== Segment start ==

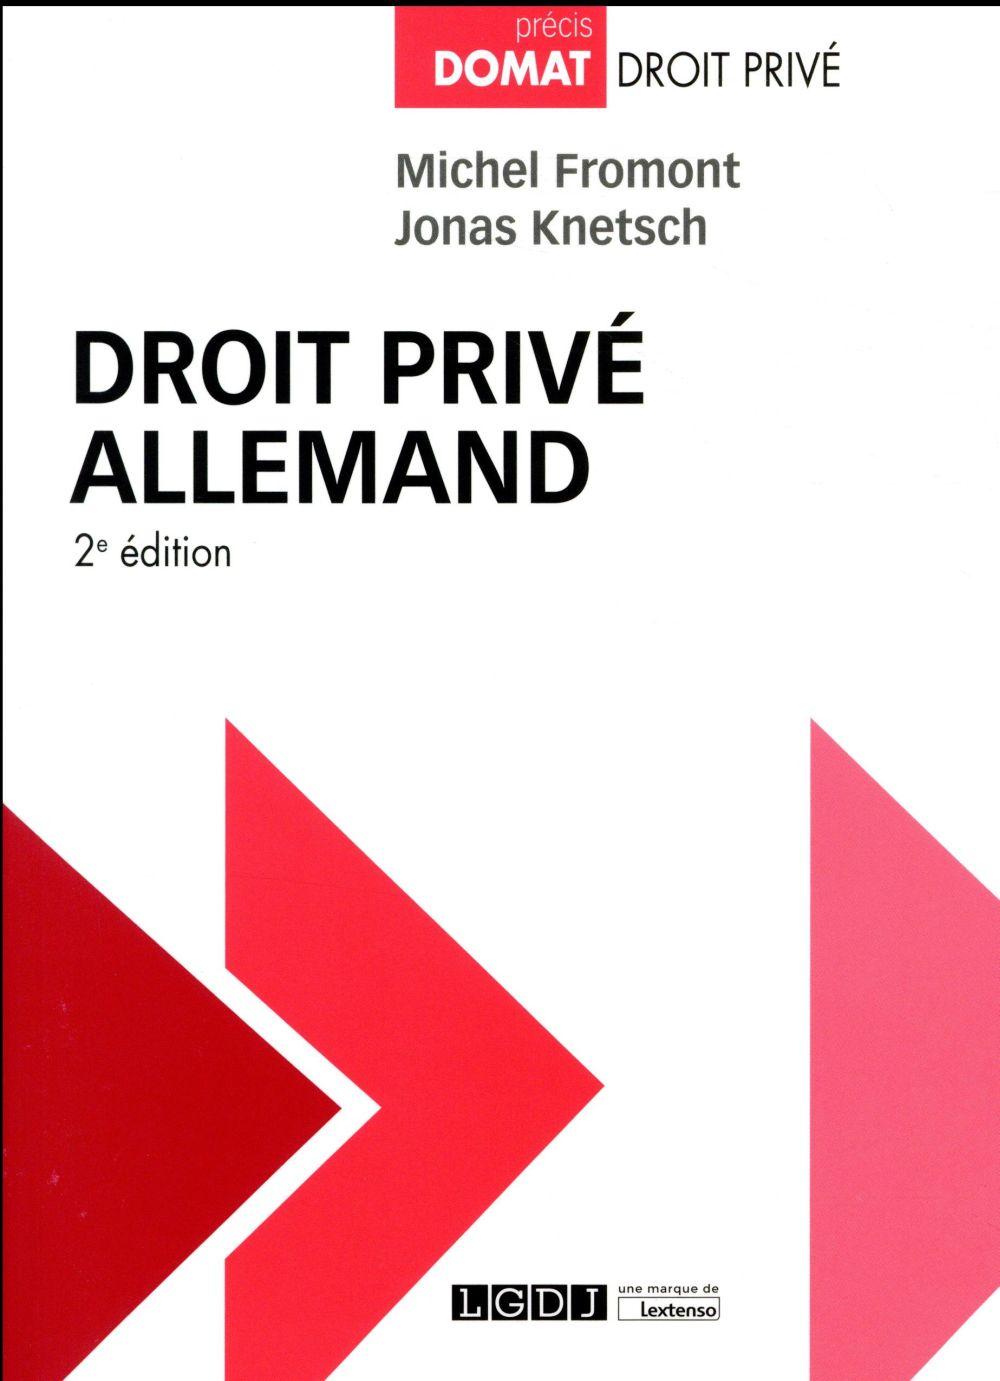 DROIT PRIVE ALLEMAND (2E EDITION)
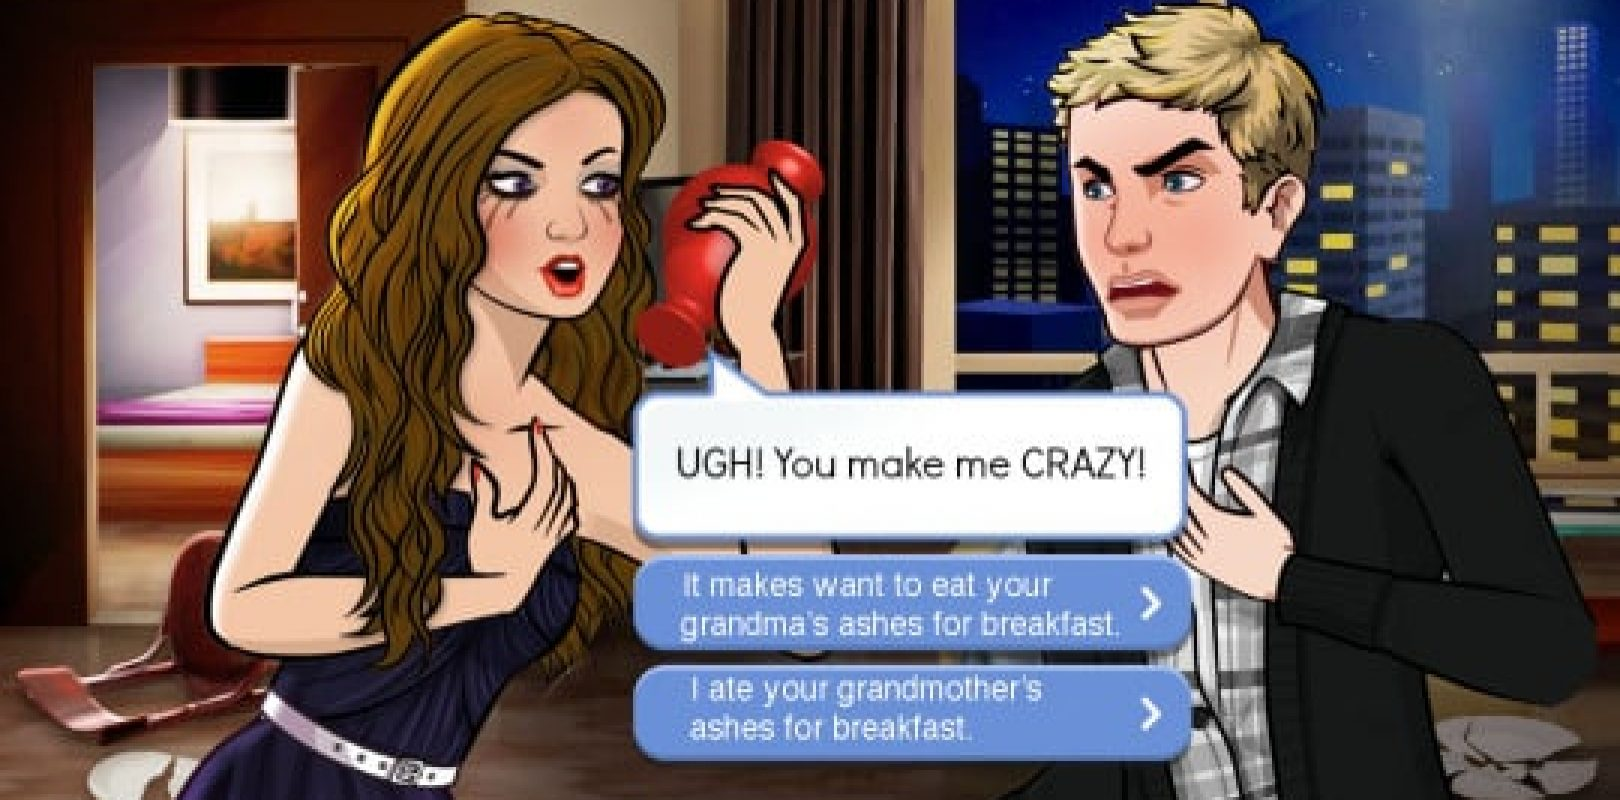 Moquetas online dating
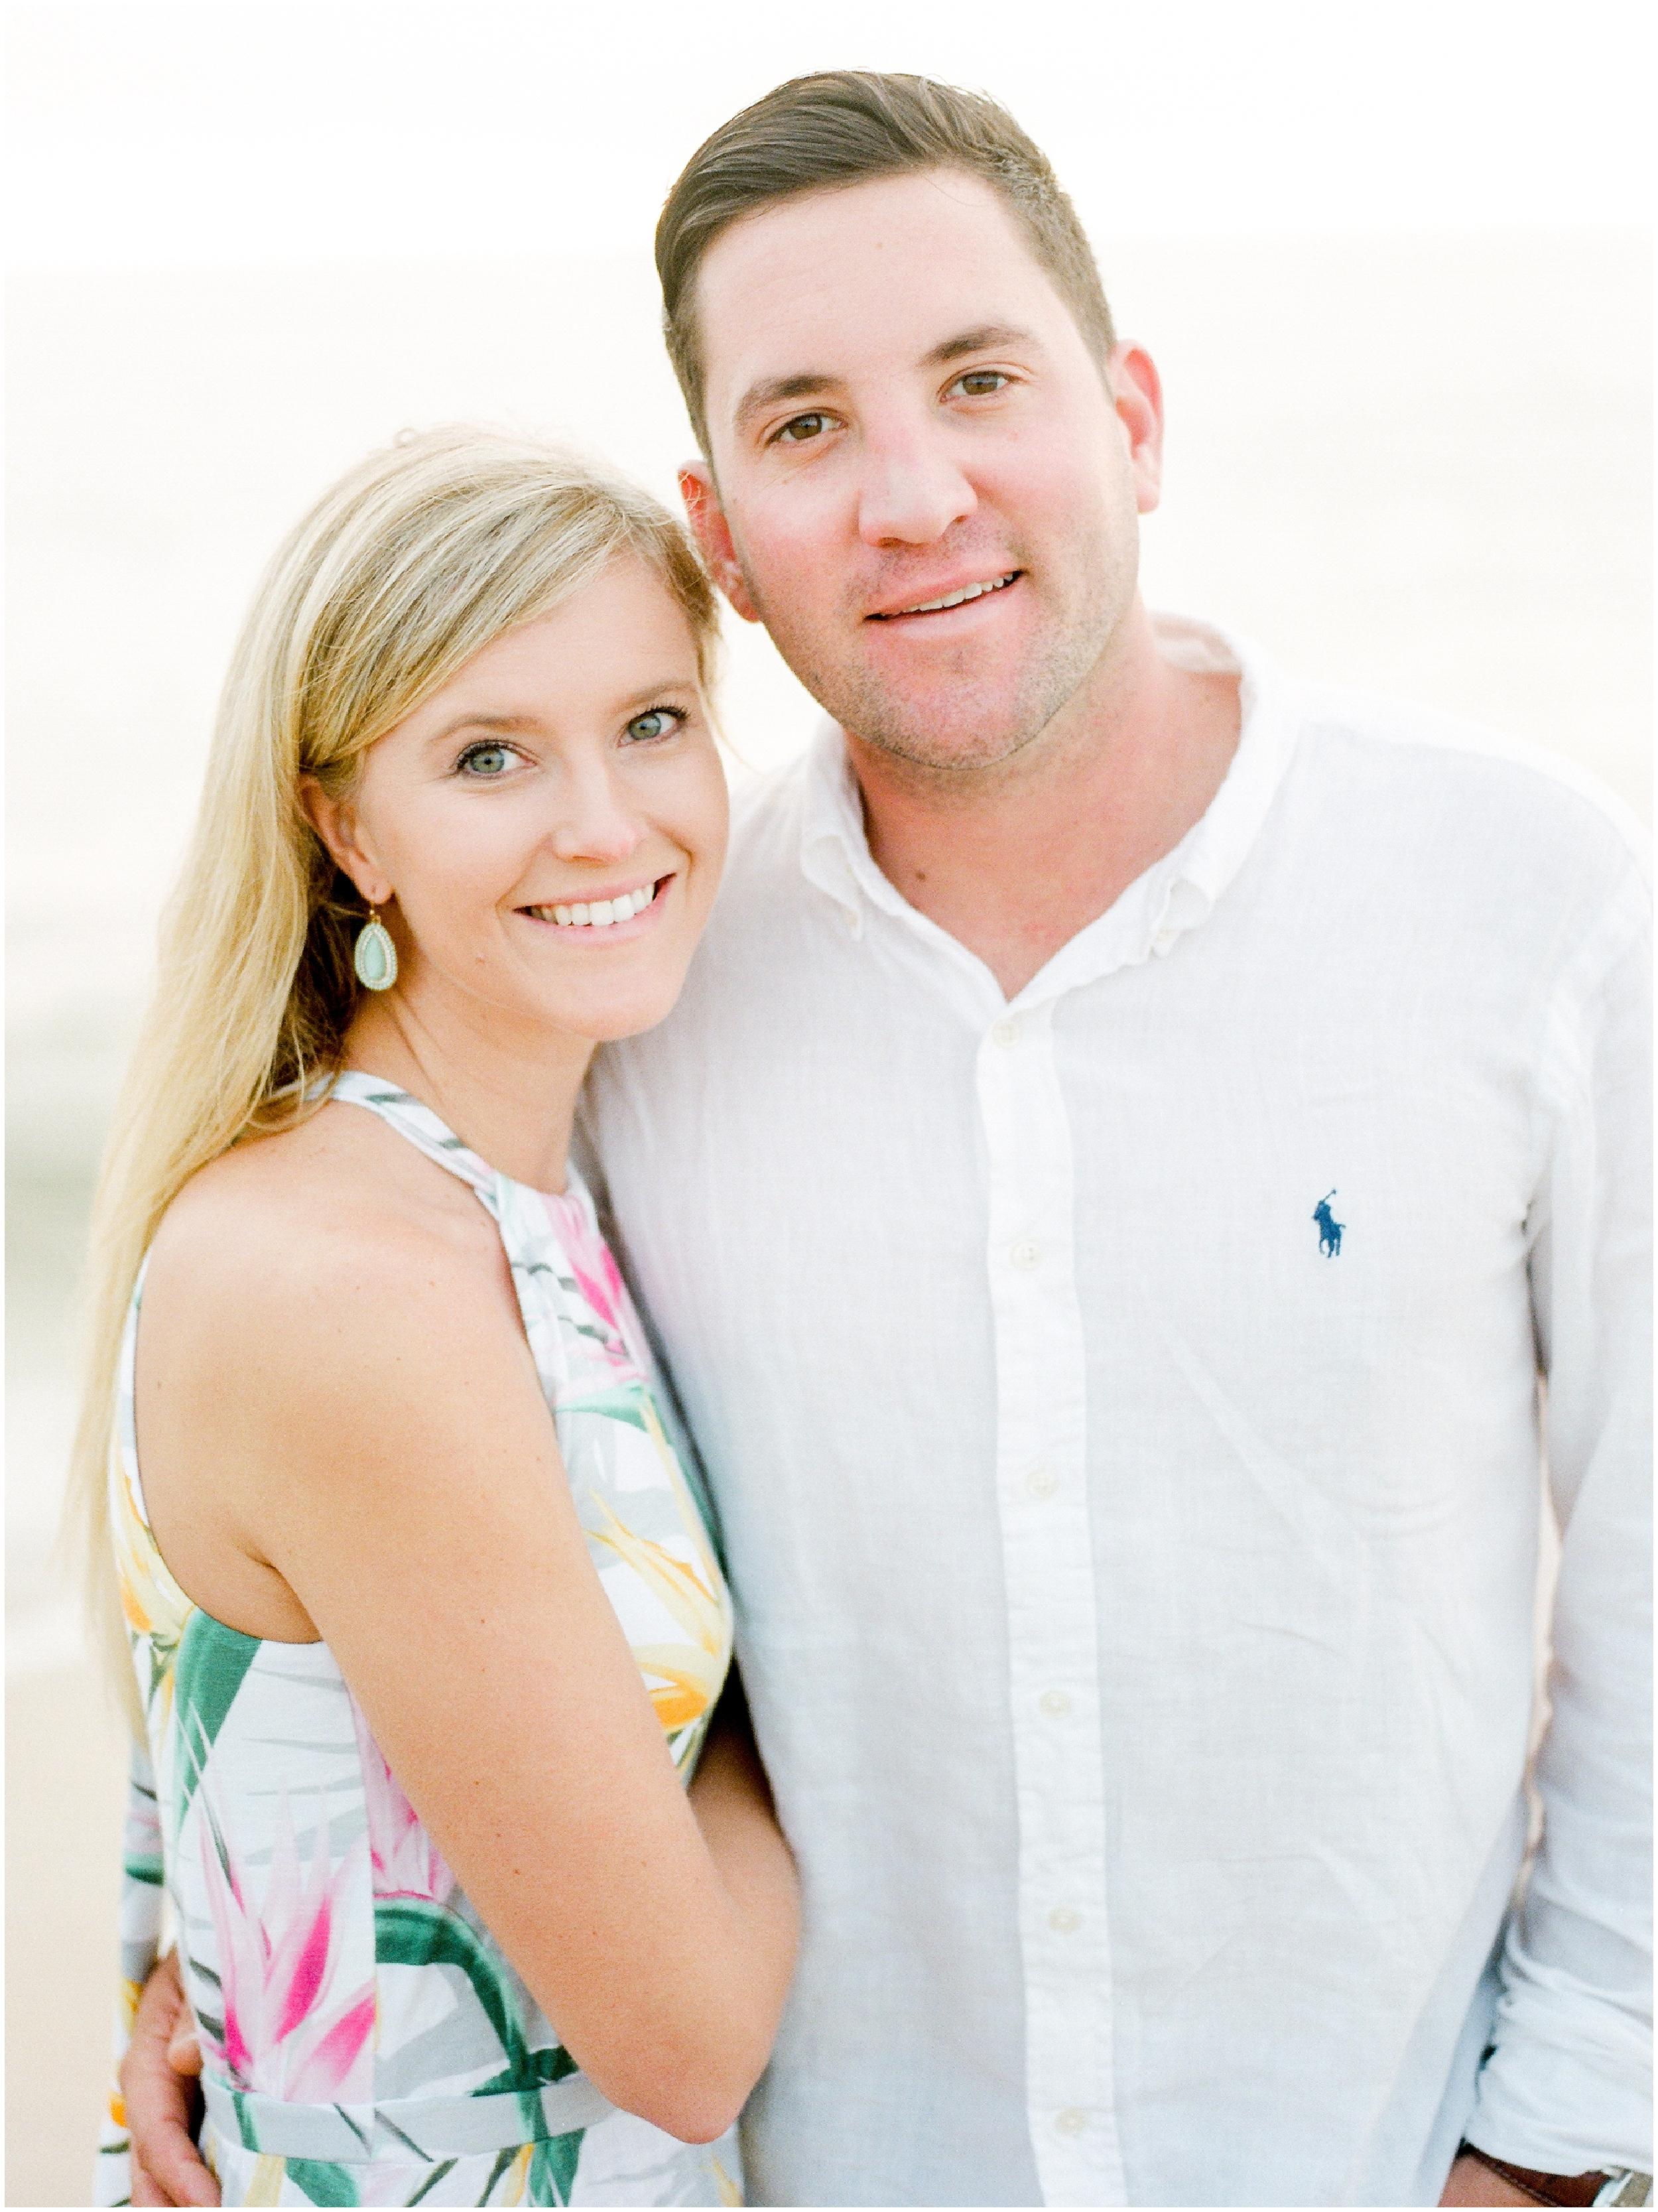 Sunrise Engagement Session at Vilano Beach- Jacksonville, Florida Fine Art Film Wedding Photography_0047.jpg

== Segment end ==

* _WHAT IS BEING ASKED_: Set the listing down again exactly, skipping each picture.

* _RESPONSE TO THE TASK_:
 DROIT PRIVE ALLEMAND (2E EDITION)
 Moquetas online dating
 Sunrise Engagement Session at Vilano Beach- Jacksonville, Florida Fine Art Film Wedding Photography_0047.jpg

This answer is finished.